Em 2025, participaram do Comitê de Têxteis Técnicos da ABIT, grupo criado para fomento da produção e desenvolvimento desse setor no Brasil, com consequente aproximação com outras entidades e instituições de ensino. A ABINT também se tornou signatária da Liga de Descarbonização, iniciativa da ABIT. 

Em 2026, as ações de promoção da eficiência e qualidade dos Nãotecidos e Tecidos Técnicos continuam, mas a busca por competitividade vai além. Os nãotecidos e tecidos técnicos são componentes estratégicos tanto nos períodos de crise - quando não podem faltar - quanto em ciclos de crescimento, nos quais contribuem para a eficácia e a eficiência dos investimentos. É o caso dos geossintéticos, por exemplo, que reduzem os custos de manutenção e ampliam a vida útil das construções — benefícios essenciais em um momento em que o Brasil vive um dos maiores ciclos de mobilização de capital privado de sua história em infraestrutura. No setor de saneamento, leilões já movimentaram cerca de R$ 88,6 bilhões em investimentos programados até 2026. Em rodovias e ferrovias, o país deve registrar um recorde de leilões, com estimativa de aproximadamente R$ 161 bilhões alocados em 2025, incluindo mais de 8,4 mil quilômetros de trechos concedidos à iniciativa privada.
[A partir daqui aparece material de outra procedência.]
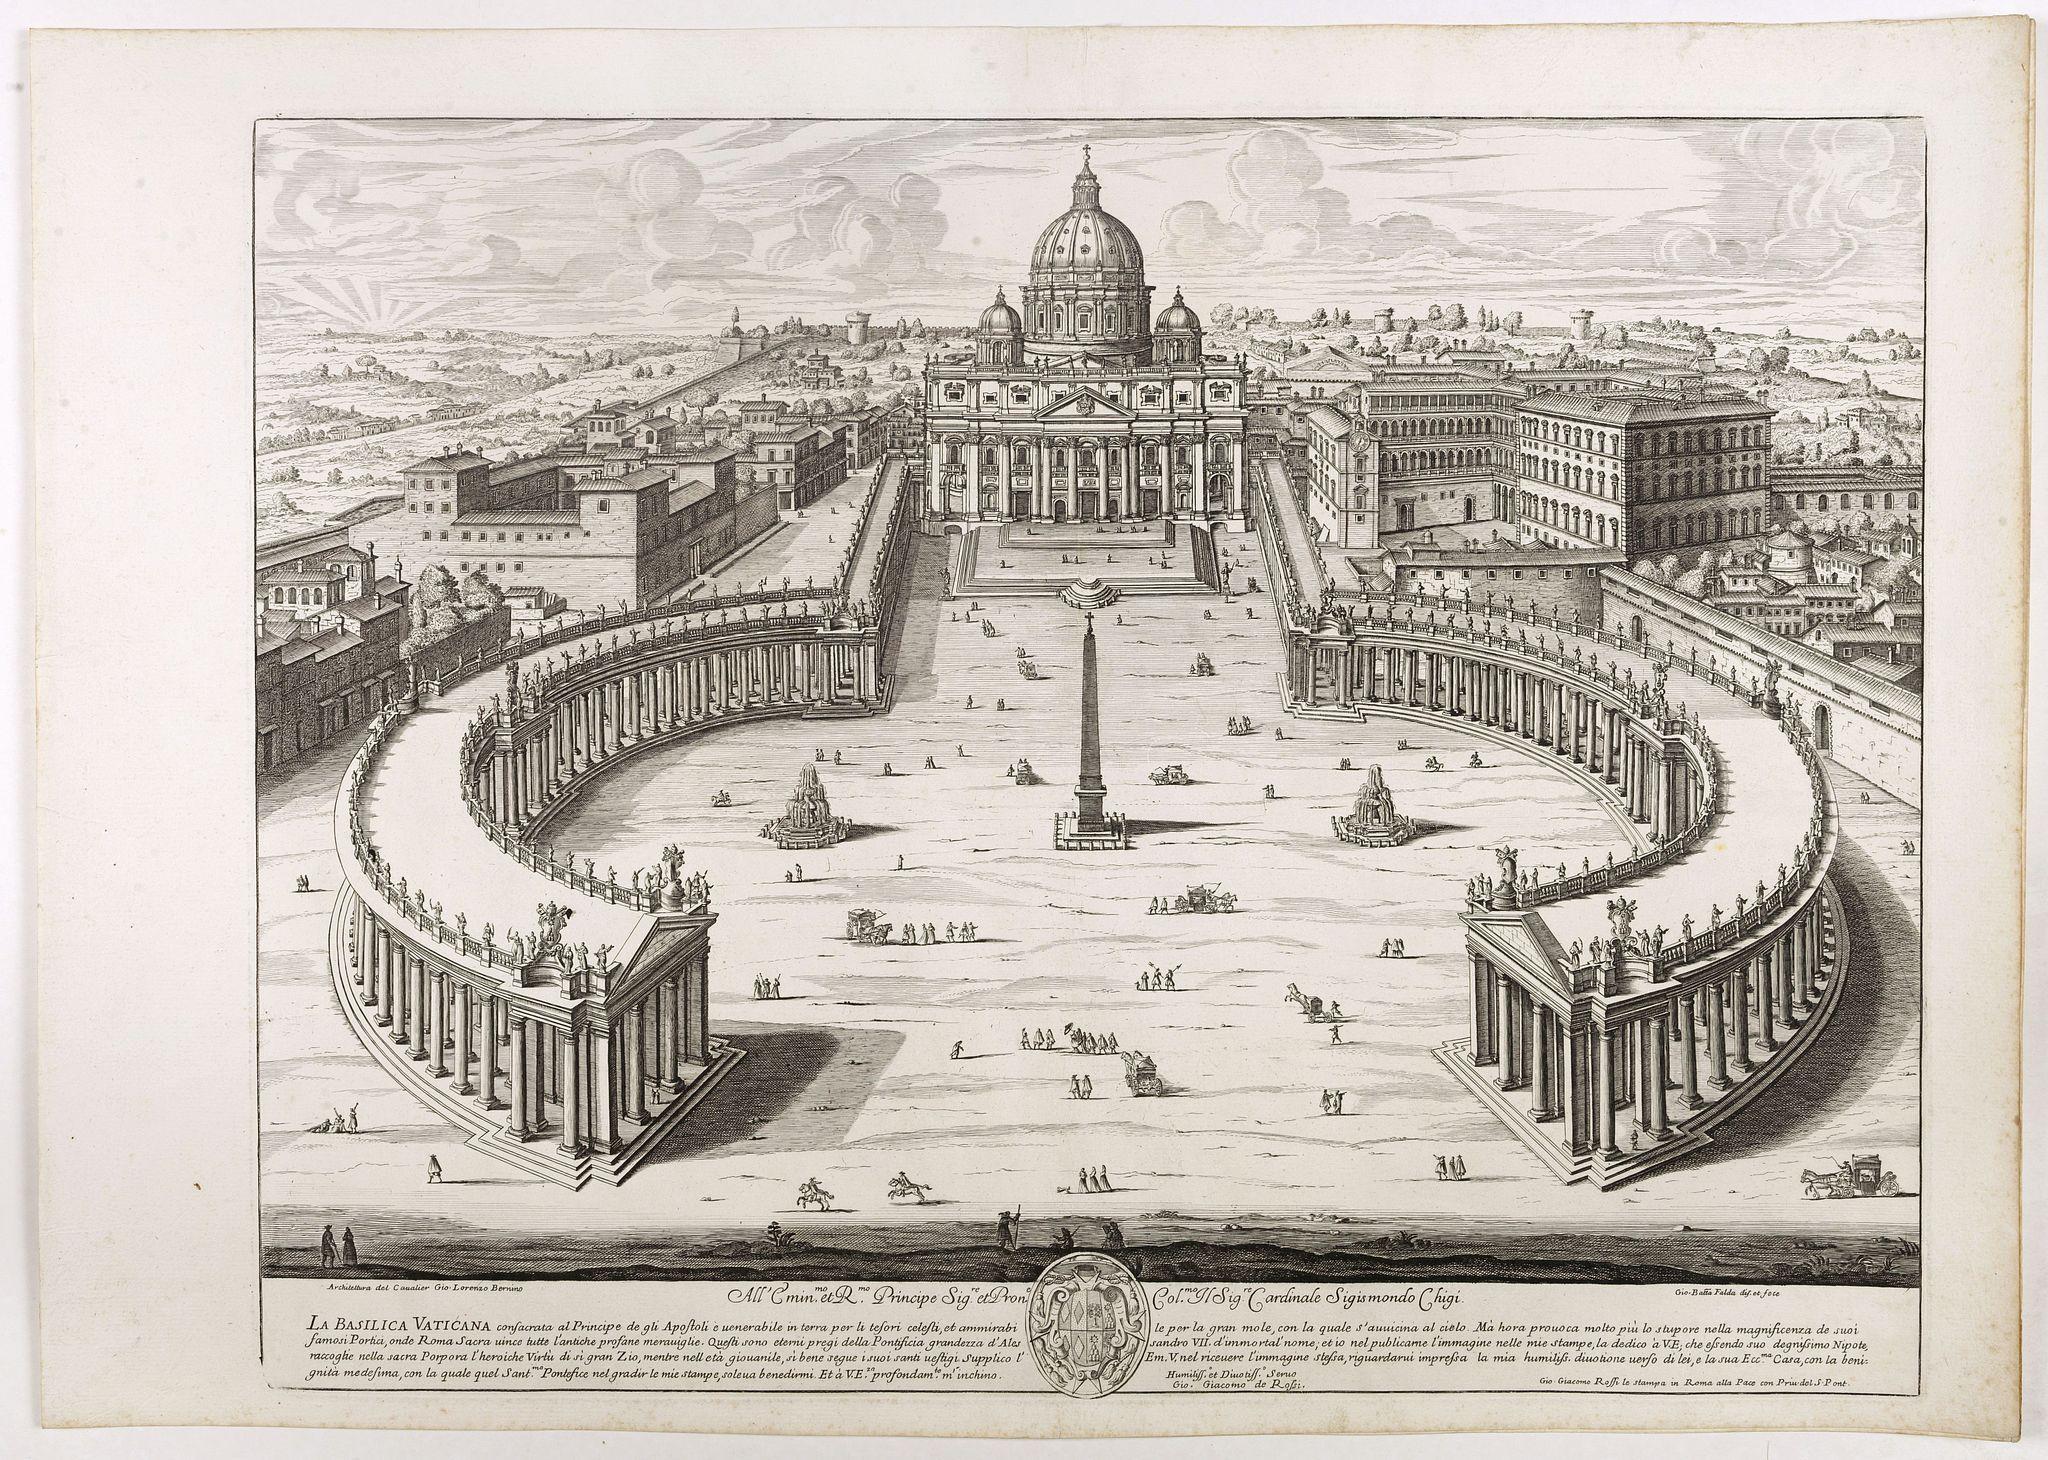 DE ROSSI, G. -  La Basilica Vaticana consacrata al Principe de gli Apostoli . . .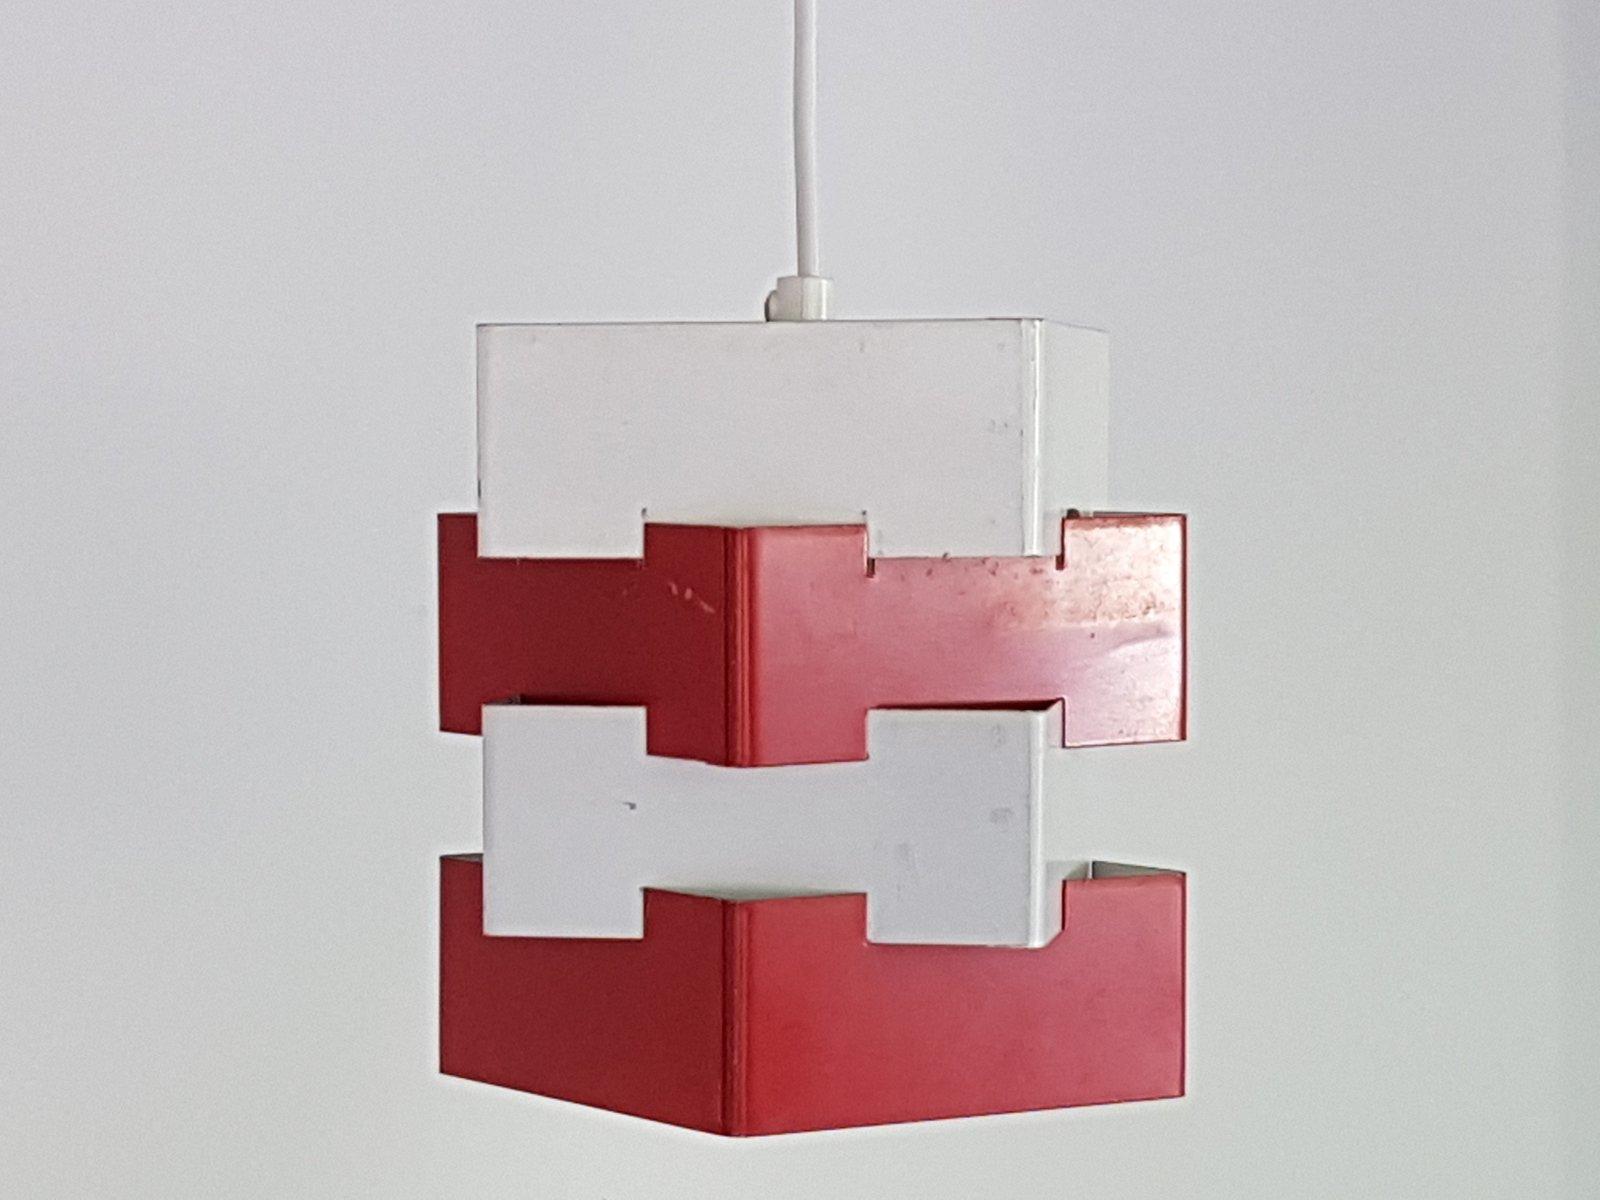 schwedische metall h ngelampen in wei rot von kronobergs belysning 1960er 2er set bei. Black Bedroom Furniture Sets. Home Design Ideas

No total, são previstos mais de R$ 250 bilhões em investimentos privados em concessões, privatizações e parcerias público-privadas, abrangendo saneamento, rodovias, ferrovias e portos, o que reforça o papel decisivo do direcionamento educacional, da normatização técnica e da produção de materiais de referência para assegurar a qualidade e a longevidade dessas obras. 

Este é apenas um exemplo, entre muitos, da importância de garantir a manutenção e a qualidade do abastecimento local de produtos tão fundamentais para a saúde, segurança e conveniência dos brasileiros. 

A competitividade da indústria local – de natureza altamente formalizada - pede pela modernização da sua base de ativos para que siga garantindo emprego e divisas ao país e isso reque que os olhares dos setores governamentais ligados à indústria e ao desenvolvimento estejam voltados a apoiar toda essa cadeia de valor.

*Mateus Mesquita Inacio é presidente da ABINT.